The freight market can fluctuate almost as much as the weather in the Midwest (for those of you not from the Midwest, that means it can fluctuate a lot). And right now, we’re in the middle of one of the biggest supply chain disruptions we’ve ever experienced. So how do you know if you’re hiring a transportation provider that can withstand the ups and downs of the market? Here are seven signs to look for:
- Experience: Look for a company that’s been around a while. The longer they’ve been in business, the more “storms” they’ve weathered — meaning they’ll likely be able to take on the next supply chain disruption. A wave of new freight brokerages came into the market following the “freight bubble” of 2018. Today’s market disruption is the first one they have to maneuver through. Plus, their book of business likely isn’t as established as an experienced freight broker, so they don’t have a base of foundational customers to fall back on.
- Service Diversity: Companies that serve multiple markets are in a better position to survive, simply because they’re not relying on one industry to thrive.
- Equipment Variety: Much like serving multiple markets, having a variety of equipment can be a big sign of stability. Each market uses their own unique trailer type. Does your transportation provider have access to trailers that can serve multiple industries or freight types?
- Adaptability: How quickly your transportation provider can adjust to market fluctuations says a lot about their stability. In the case of COVID-19, can their Employees work from home? How are the Employees taken care of? Do those Employees take pride in the company they work for?
- Solid Financials: This one may seem obvious, but it’s about more than how far in the black they finish each year. Having a good financial footing allows for better decision-making because company leaders have a firm understanding of how a decision will impact their bottom line and have confidence in their standing to make decisions fast.
- Technology: The ability to invest in technology says a lot about your transportation provider. Do they invest in technology that makes your life easier — whether it’s an online Customer Portal and/or tracking technology? Do they have technology that allows them to make better, informed decisions? Good transportation providers will be able to use predictive data analysis to provide you better communication, high-quality carriers within their network and, ultimately, better pricing for you.
- Relationships: Relationships can go a long way in providing stability for carriers. If working with a freight brokerage, how solid are their relationships with their carrier network? Do they actually have firsthand knowledge about the carriers in their network and personal relationships with them or do they simply rely on load boards? Load boards serve their purpose, no doubt, but there’s nothing like knowing what type of freight each carrier in a broker’s network prefers to haul and who does what best. That means better, safer transportation of your freight. Also, how is your transportation provider’s relationship with you, their customer? Is it a transactional relationship where you only talk when freight needs to be moved? Good companies will stay in touch with you on a regular basis, whether or not you have an immediate transport need. That includes customer surveys. After all, it’s difficult to be a good partner if they don’t actually know what you want — so they can tailor their solutions to fit your unique needs.
All of this sounds great, right? But how do you determine if your carrier shows these signs of stability? The easy way is to ask. Of course, they don’t have to tell you the truth. One useful resource is their website. Read about their history, their leadership team (particularly their experience) and the markets they serve, among other things. Glean as much information as you can from there.

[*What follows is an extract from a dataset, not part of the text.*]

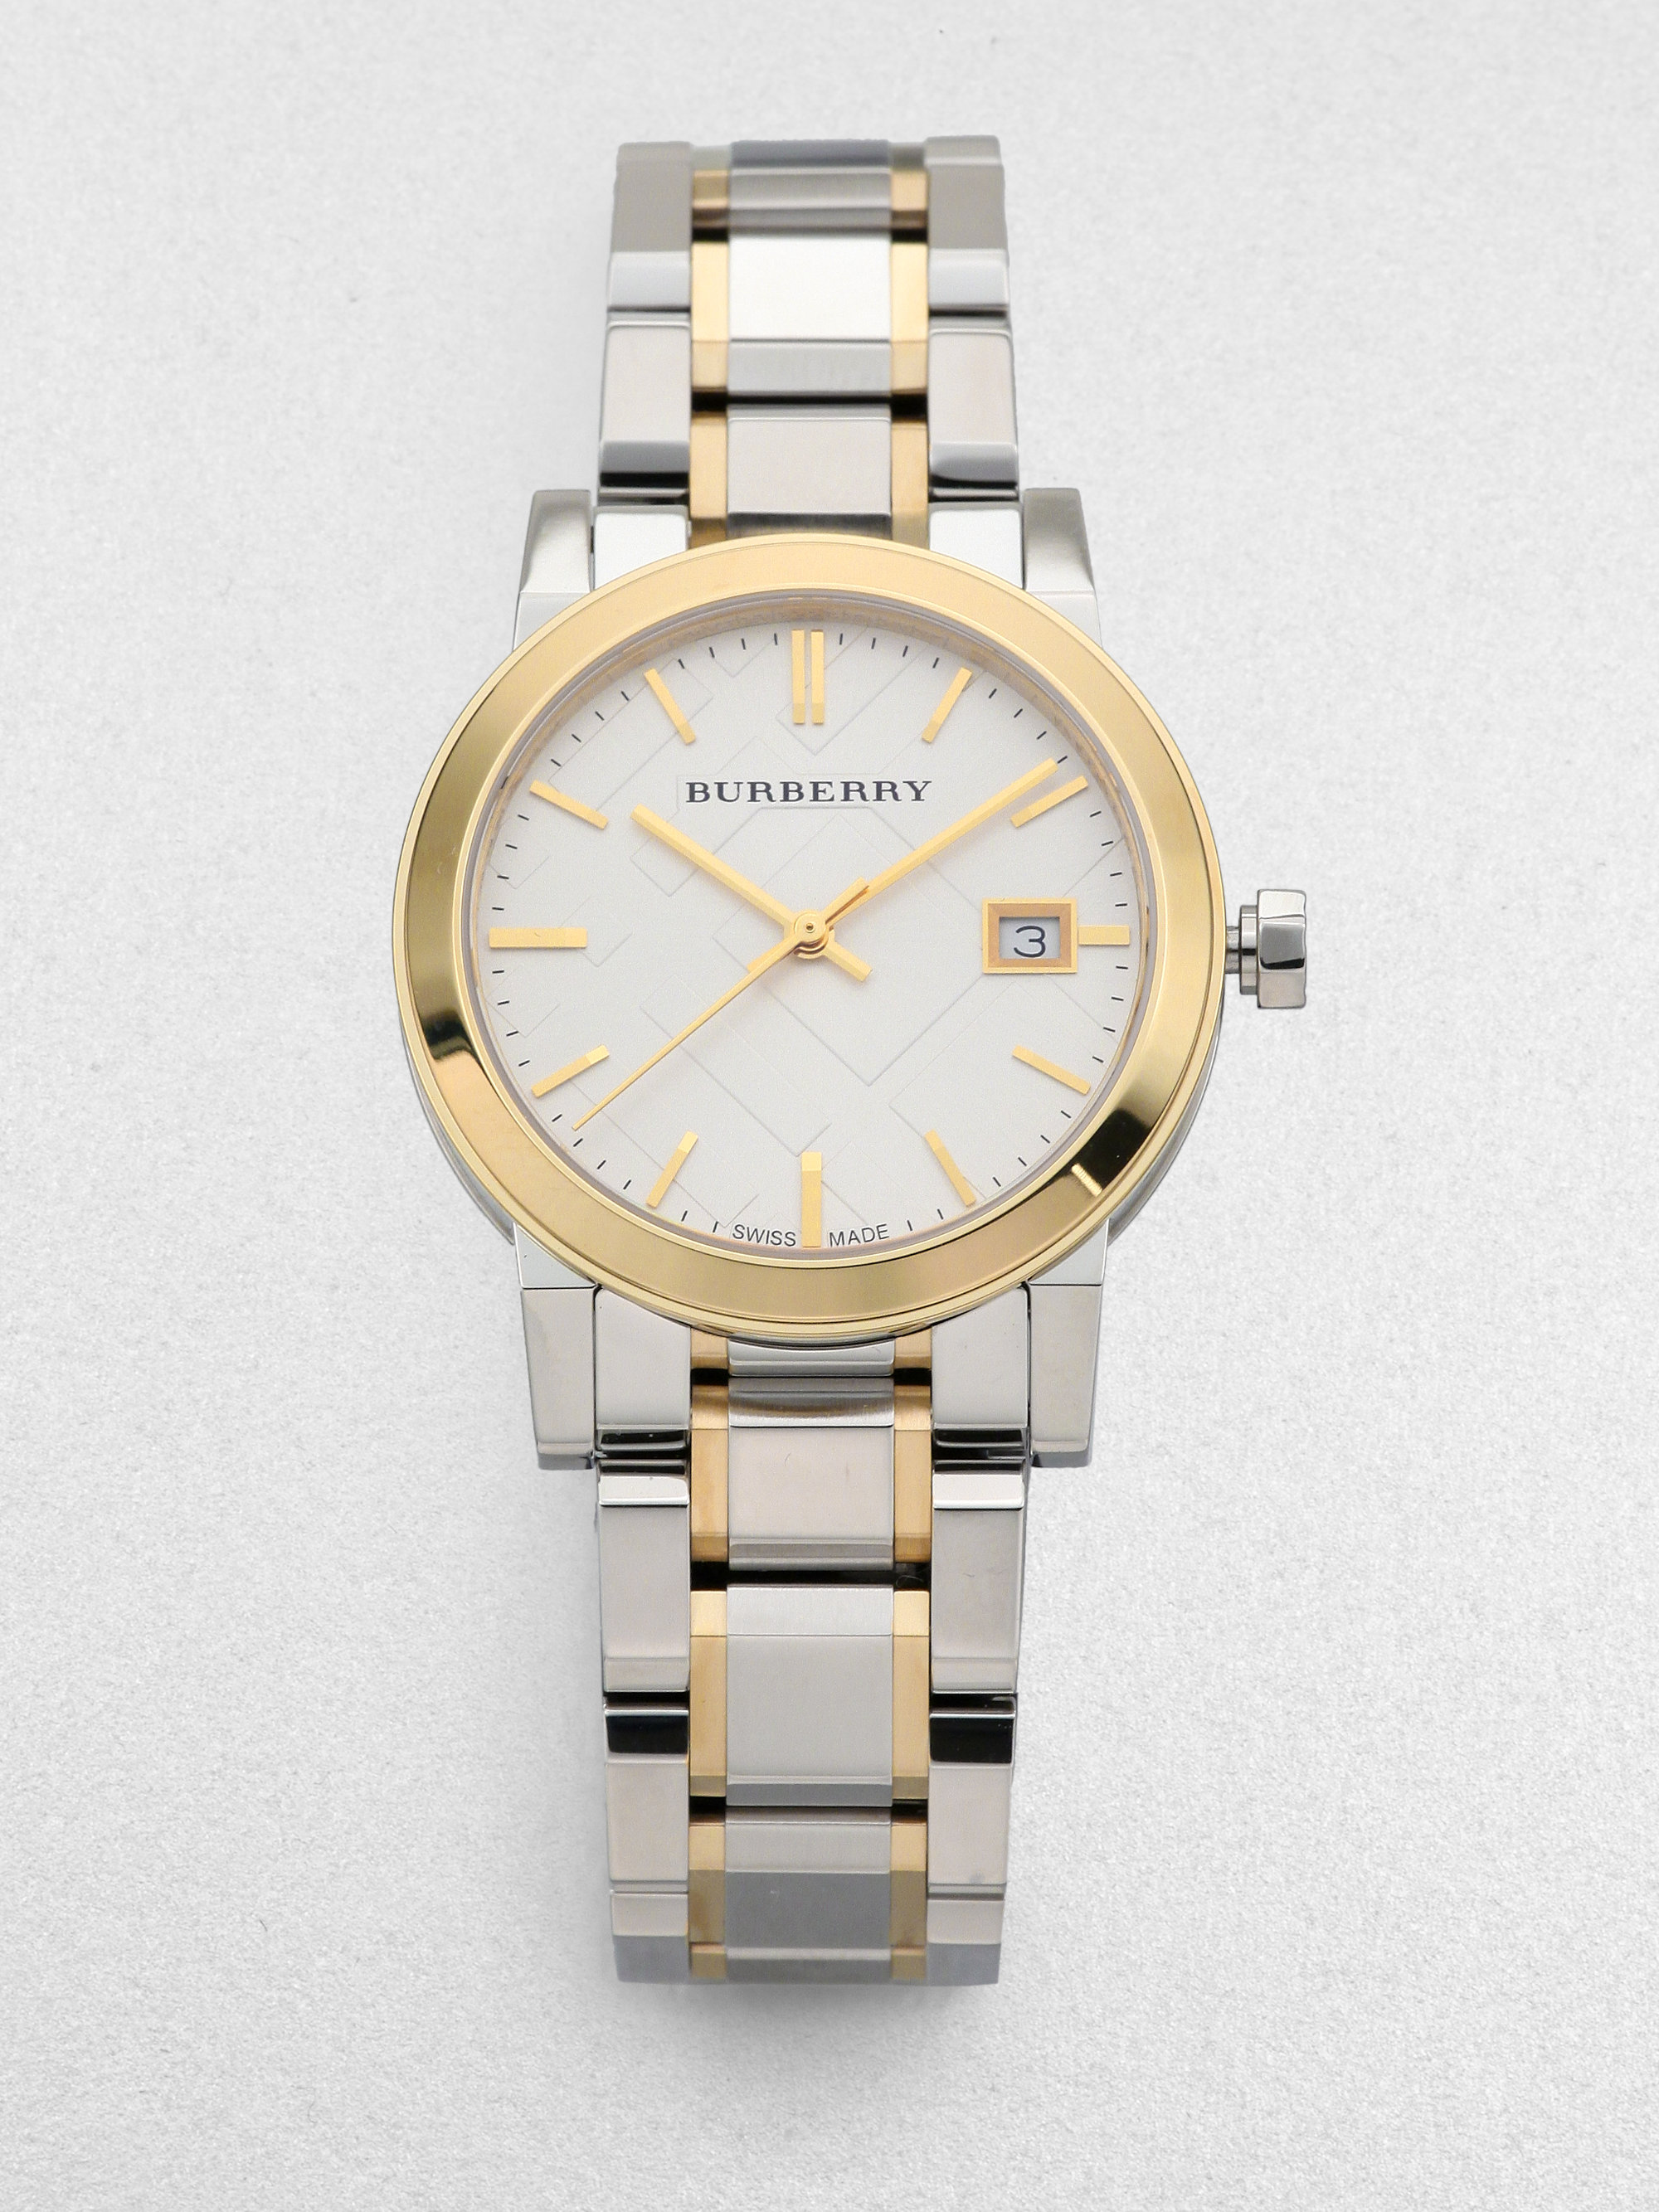 Lyst - Burberry City Two-tone Stainless Steel Bracelet Watch/34mm in ...
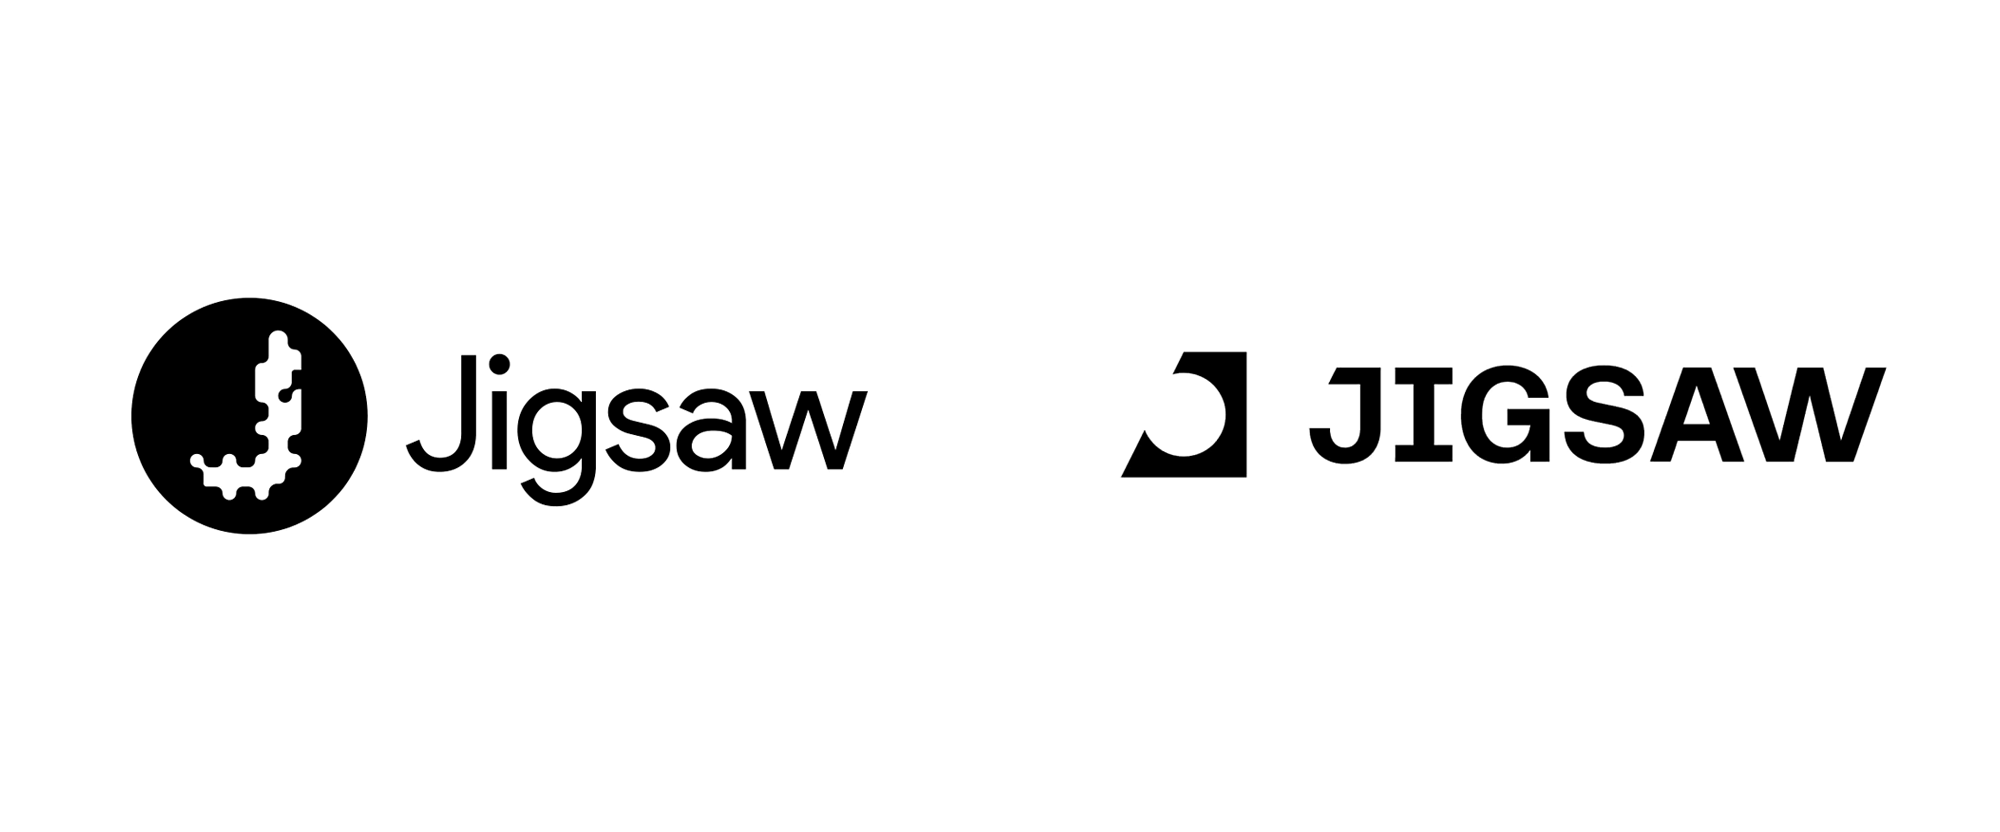 New Logo and Identity for Jigsaw by Upperquad

Financial strength can be the hardest to gauge, especially if it’s a privately owned company. But you can learn a lot by monitoring their practices. Are they expanding their fleet, hiring more Employees or even opening new offices and terminals? That’s generally a sign of financial strength. On the opposite end of the spectrum, downsizing can be a sign of financial strain.
Of course, this isn’t the be-all, end-all list of ways to determine a transportation provider’s stability. But hopefully it gives you a better understanding of what to look for when hiring a carrier. After all, if you find a stable carrier you can trust, you should only have to go through the hiring process once.